A line segment of fixed length 2 units moves so that its ends are on the positive x-axis and on the part of the line$\mathrm{x}+\mathrm{y}=0$ which lies in the second quadrant. Then the locus of the midpoint of the line has the equations

As shown in the figure, line segment AB, of fixed length 2 units, slides such that one of its ends A is on x-axis and other ends A is x-axis and other end B is on line $\mathrm{x}+\mathrm{y}=0$

Let $\mathrm{P}\left(\mathrm{h},\mathrm{k}\right)$ be midpoint of AB.
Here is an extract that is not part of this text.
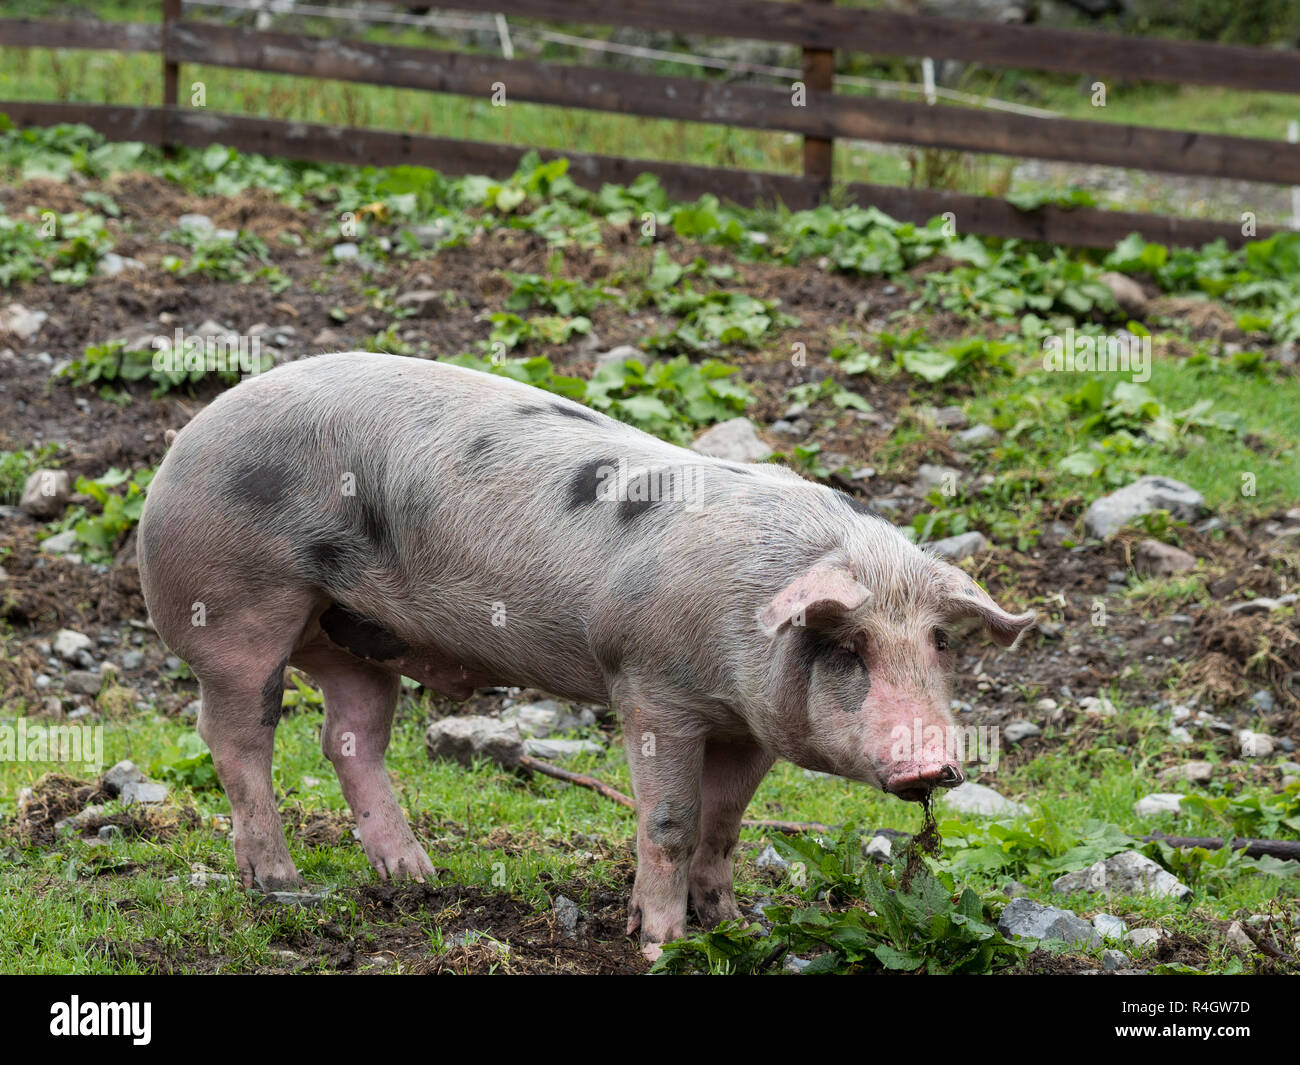 Pig in pasture Stock Photo

Also, Let $\angle \mathrm{BAO}=\mathrm{\theta }.$

So, in triangle $\mathrm{AMB},\text{\hspace{0.17em}}\mathrm{BM}=2\mathrm{sin\theta }$ and $\mathrm{AM}=2\mathrm{cos\theta }.$

In triangle $\mathrm{BMO},\mathrm{MO}=\mathrm{MB}=2\mathrm{sin\theta }$

$\therefore A\equiv \left(2\cos \theta -2\sin \theta ,0\right)$ and $\mathrm{B}\equiv \left(-2\mathrm{sin\theta },2\mathrm{sin\theta }\right)$

Now, $\mathrm{P}\left(\mathrm{h},\mathrm{k}\right)$ is the midpoint of AB.
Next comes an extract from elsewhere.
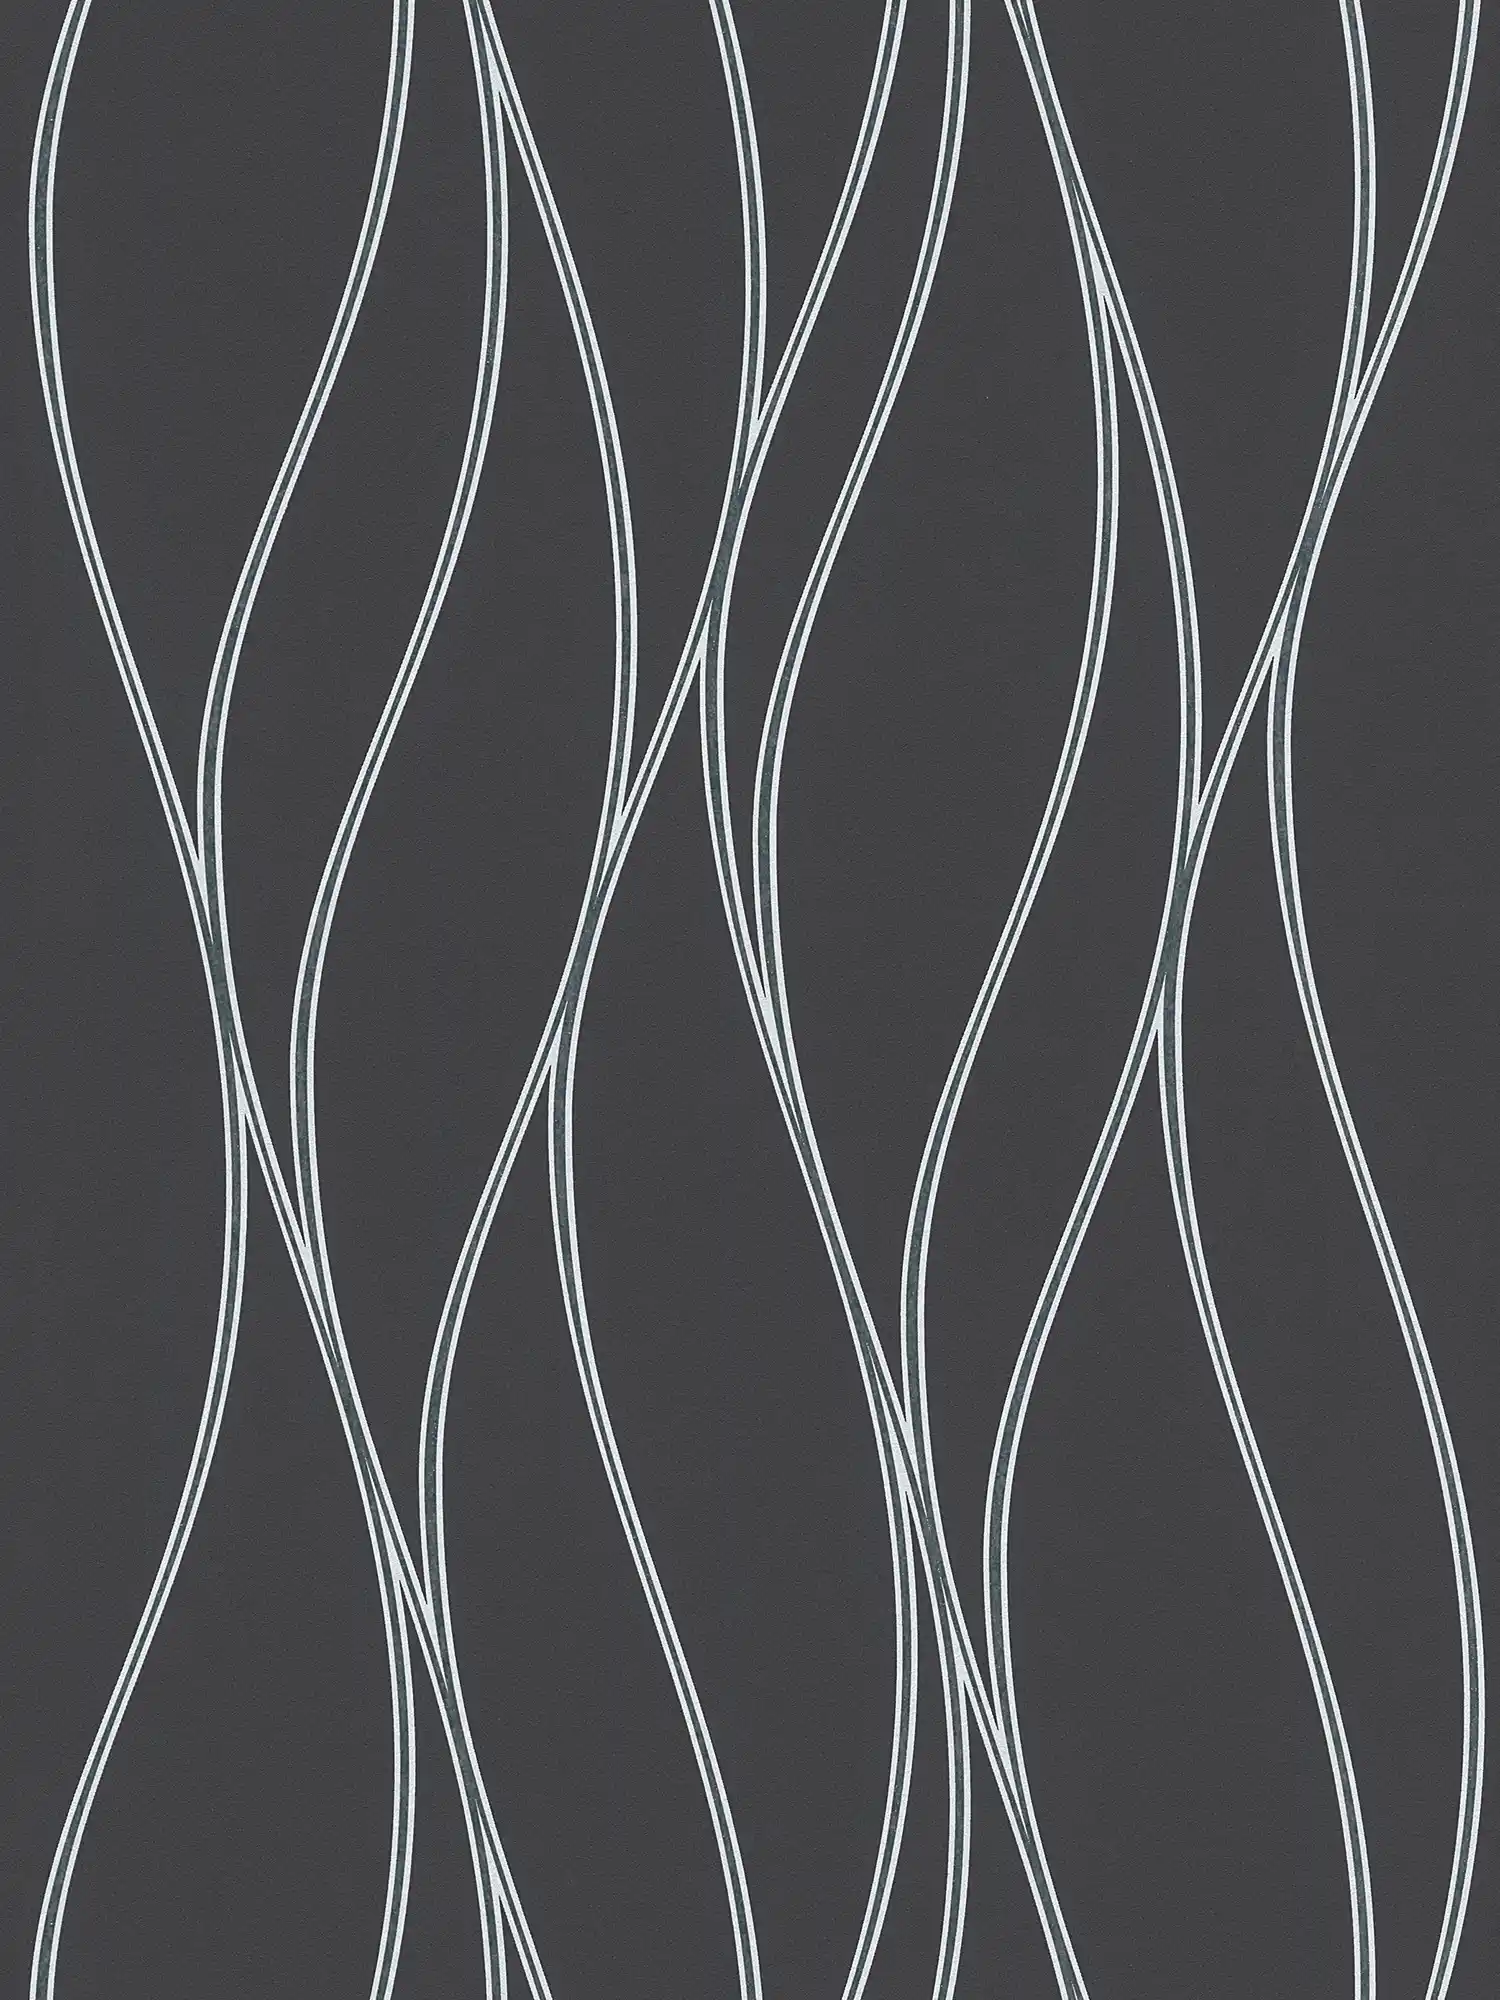 Wallpaper wavy lines vertical, metallic effect - black, silver, grey

$\therefore 2\mathrm{h}=2\mathrm{cos\theta }-2\mathrm{sin\theta }+\left(-2\mathrm{sin\theta }\right)$ and $2\mathrm{k}=2\mathrm{sin\theta }$

$\Rightarrow \mathrm{h}=\mathrm{cos\theta }-2\mathrm{sin\theta }$ and $\mathrm{k}=\mathrm{sin\theta }$

Squaring and adding, we get 

${\left(\mathrm{h}+2\mathrm{k}\right)}^2+{\mathrm{k}}^2=1$ 

or ${\mathrm{x}}^2+5{\mathrm{y}}^2+4\mathrm{xy}-1=0$

This is the required locus.